Scaloni a hérité d'une dynamique rare en football international : une génération de 2022 qui n'a pas explosé après le titre, qui a continué à progresser ensemble. Messi parti, l'équipe n'a pas implosé. Au contraire. C'est presque inédit. Les récents vainqueurs de Coupes du monde voient généralement leur structure s'émietter rapidement. Pas l'Argentine.

Le vrai défi commence aux huitièmes

Terminer en tête de groupe, c'est bien. Mais à partir des 16es de finale, tout redevient égal. L'Albiceleste connaît son adversaire, elle peut préparer son plan de jeu, analyser les vidéos ad nauseam. Sauf que le tournoi à élimination directe n'attend personne. Un penalty à la 119e minute, une erreur défensive, un manque de concentration, et les plus beaux rêves s'écroulent.

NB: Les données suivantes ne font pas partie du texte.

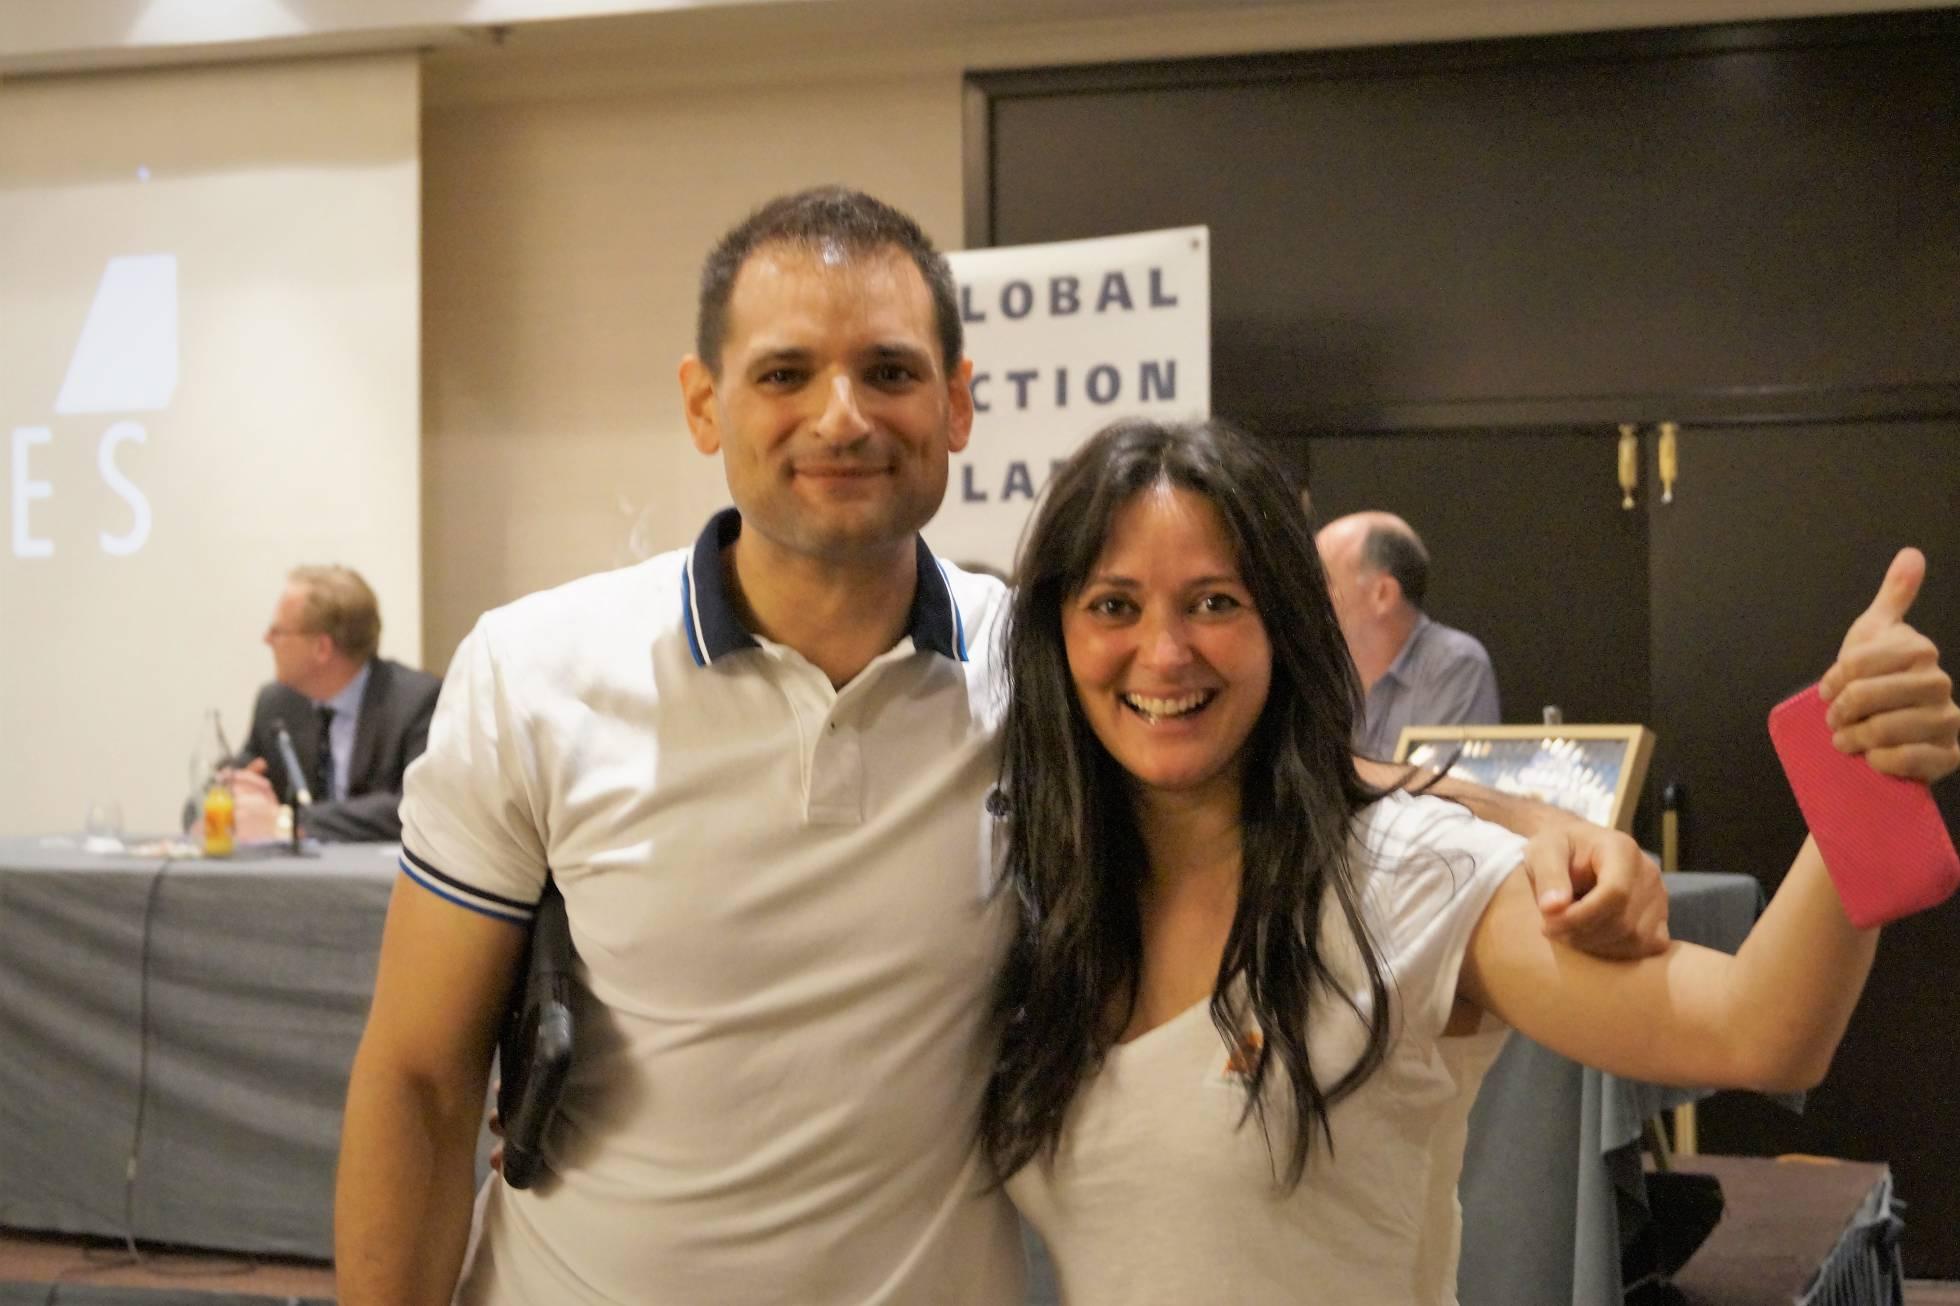 José Alberto y Esther Diánez en la Final del Programa' Watter Explorer'. Esther Diánez

Scaloni le sait. Lui qui a remporté la Copa América 2021 puis la Coupe du monde 2022 sait que la supériorité affichée en phase de groupe n'est qu'une promesse, jamais une certitude. L'avantage psychologique existe, bien sûr. Quand on commence les huitièmes sans stress, frais physiquement, avec une série positive dans le rétroviseur, c'est une bénédiction.

Mais l'histoire du football regorge d'exemples terrifiants : l'Allemagne en 2018, l'Espagne en 2014, le Brésil en 2006. Des titans terrassés par des équipes affamées. L'Argentine devra donc passer la seconde vitesse, augmenter l'intensité, accepter que les adversaires seront à présent des poids lourds eux aussi.

Reste que cette qualification précoce est un signal. Signal que l'équipe a retrouvé cette assurance post-Qatar, que Scaloni garde la main sur le groupe, que la formule fonctionne. L'Albiceleste ne tremblera pas en phase à élimination directe. Elle aura confiance, elle aura repos, elle aura faim. Trois ingrédients qui font les champions.